» **RAW DATA**
===============

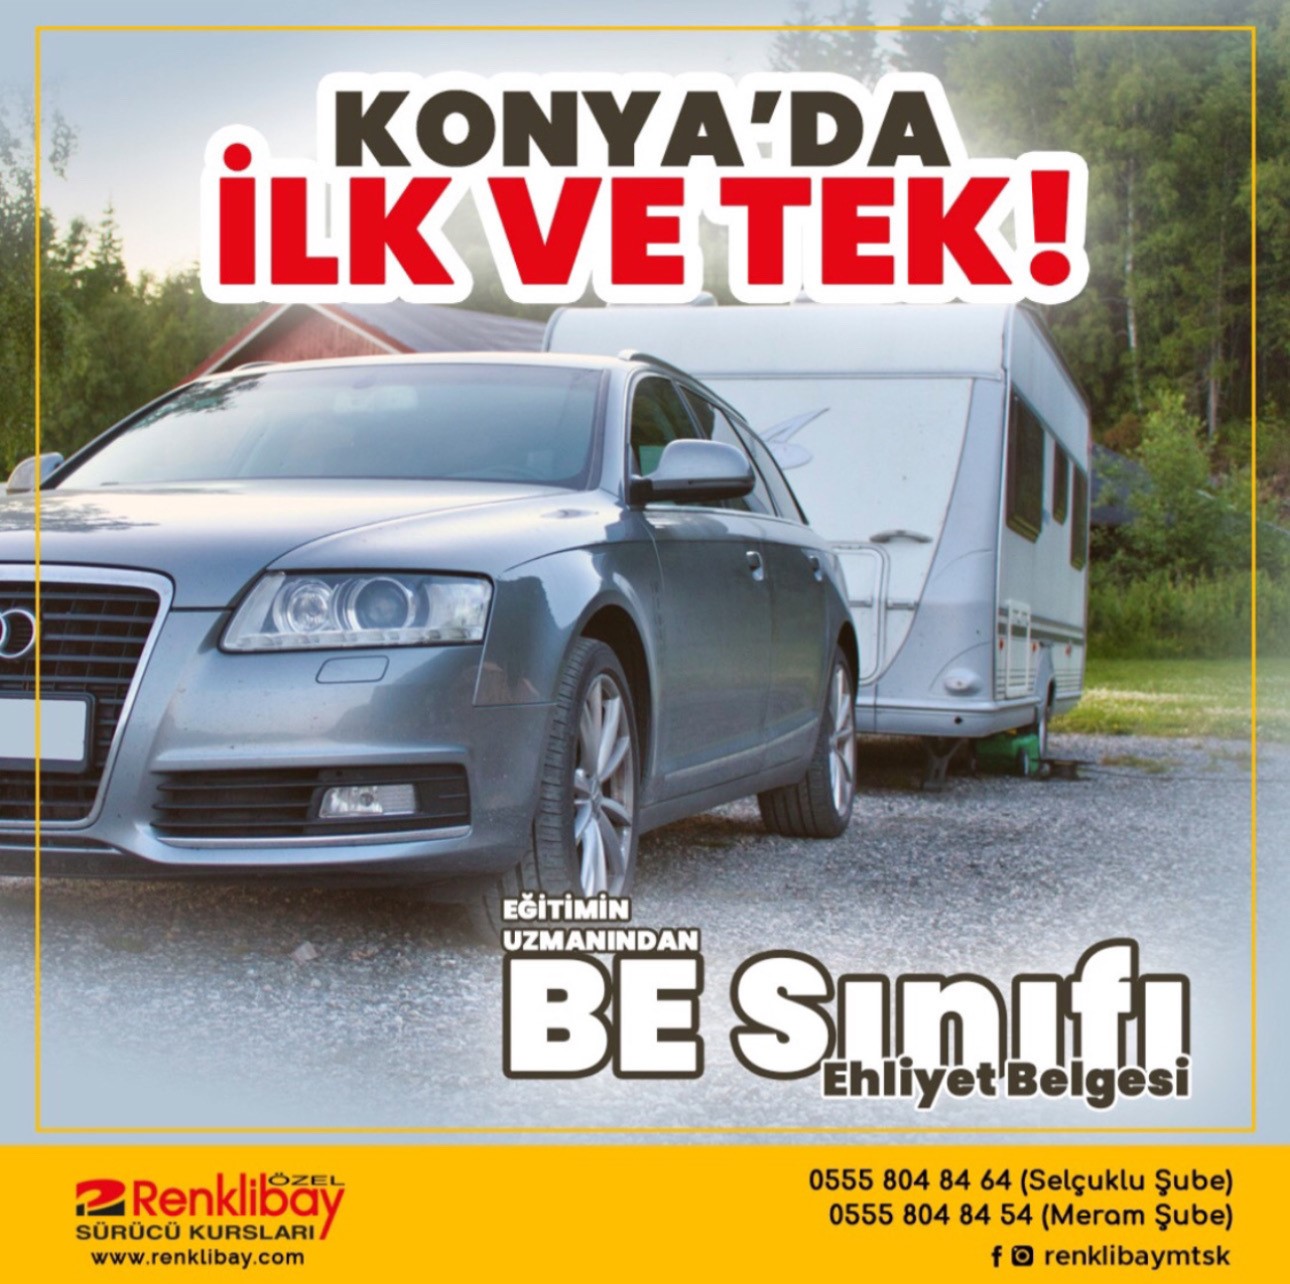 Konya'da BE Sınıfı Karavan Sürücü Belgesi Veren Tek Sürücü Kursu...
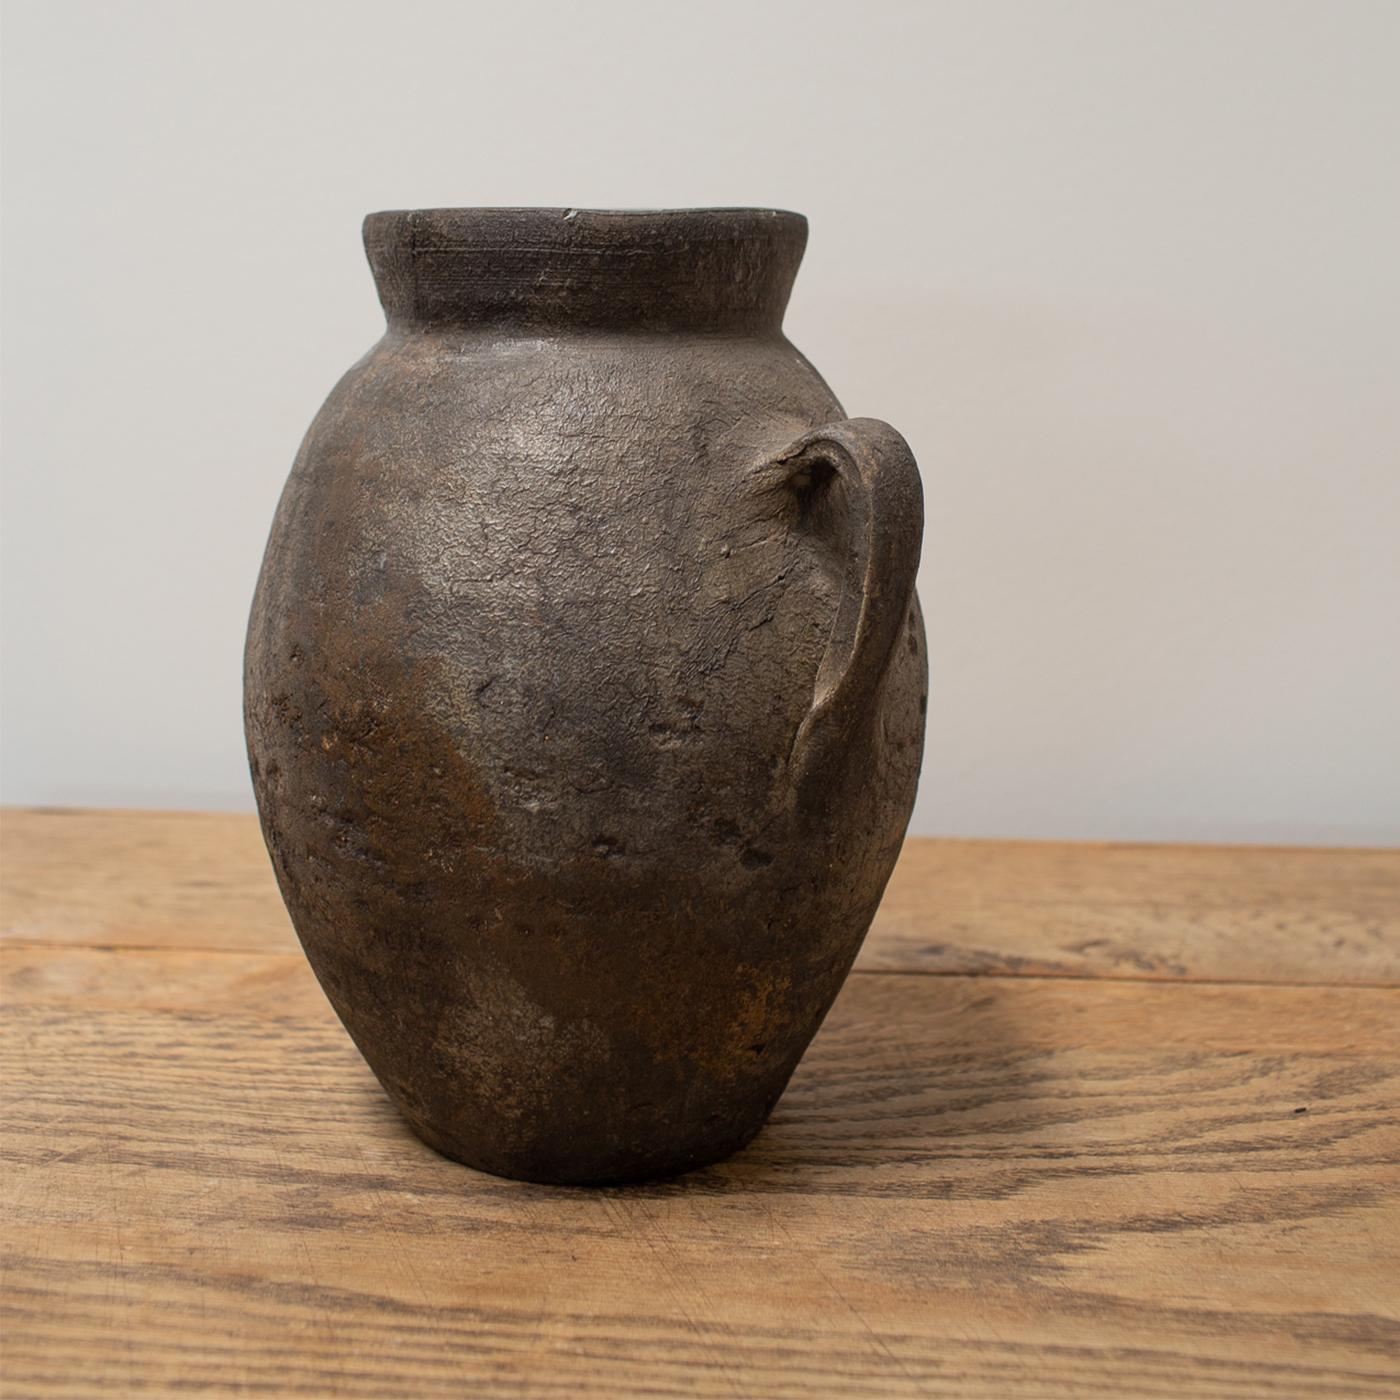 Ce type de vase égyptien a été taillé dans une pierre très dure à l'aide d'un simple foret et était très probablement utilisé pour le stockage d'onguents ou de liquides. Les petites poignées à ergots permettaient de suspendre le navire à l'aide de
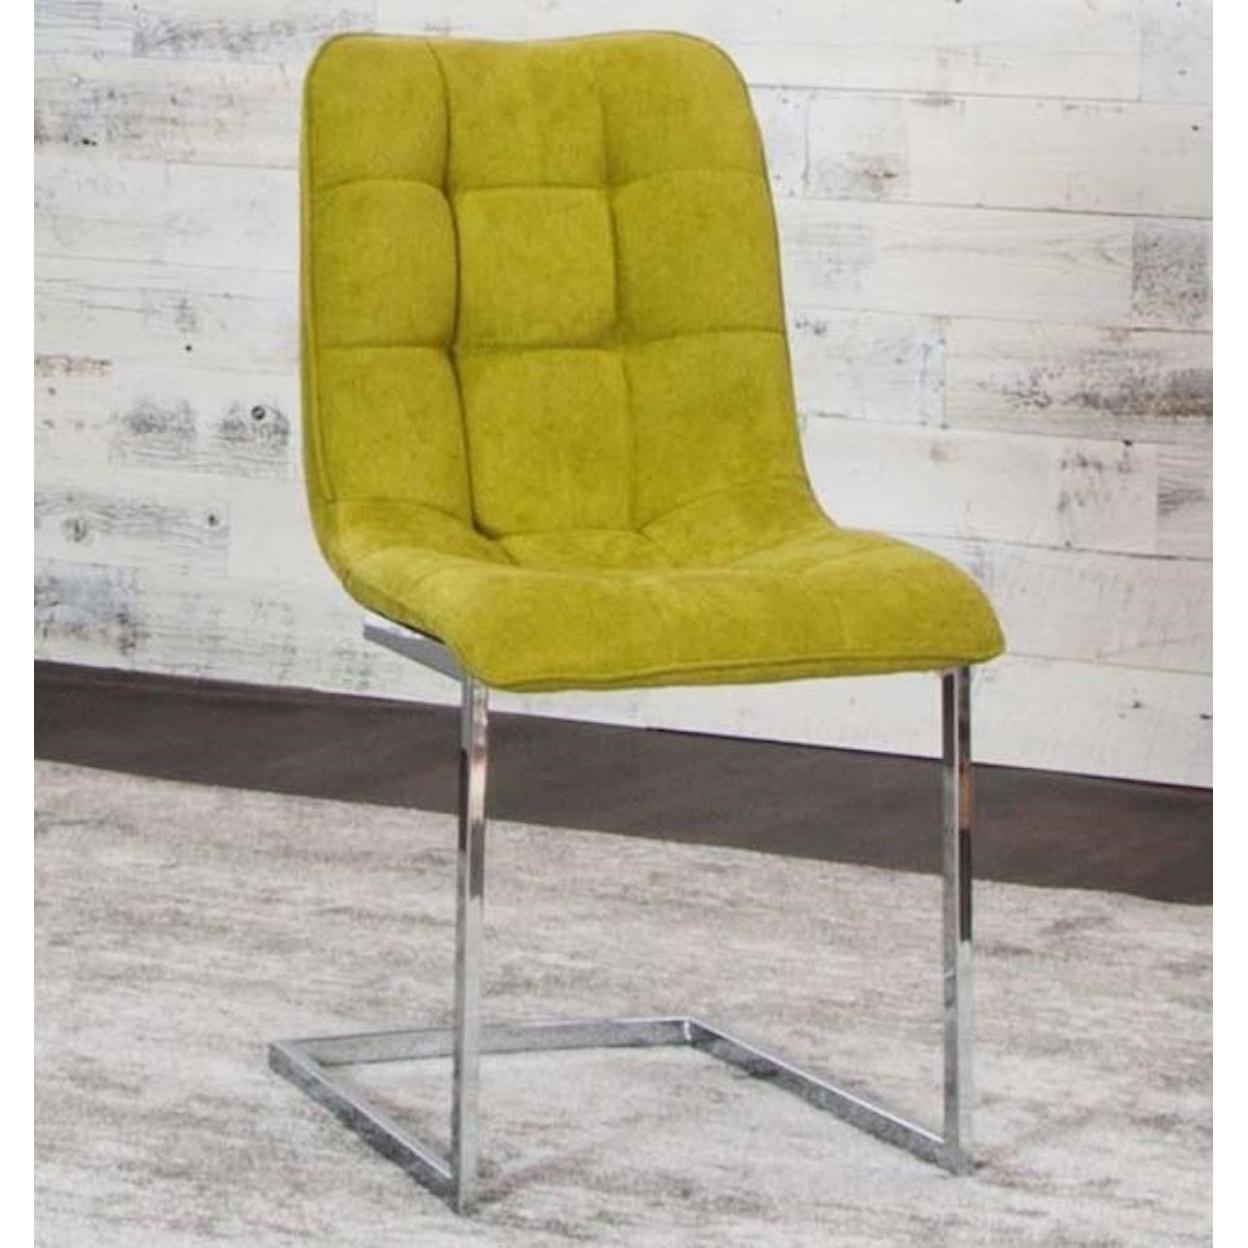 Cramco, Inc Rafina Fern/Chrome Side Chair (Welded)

===============

» **EXERCISE DETAILS**
Could you print the data exactly as it appears and keep the pictures out?

» **RESPONSE BELOW**
 Konya'da BE Sınıfı Karavan Sürücü Belgesi Veren Tek Sürücü Kursu...
 Ce type de vase égyptien a été taillé dans une pierre très dure à l'aide d'un simple foret et était très probablement utilisé pour le stockage d'onguents ou de liquides. Les petites poignées à ergots permettaient de suspendre le navire à l'aide de
 Cramco, Inc Rafina Fern/Chrome Side Chair (Welded)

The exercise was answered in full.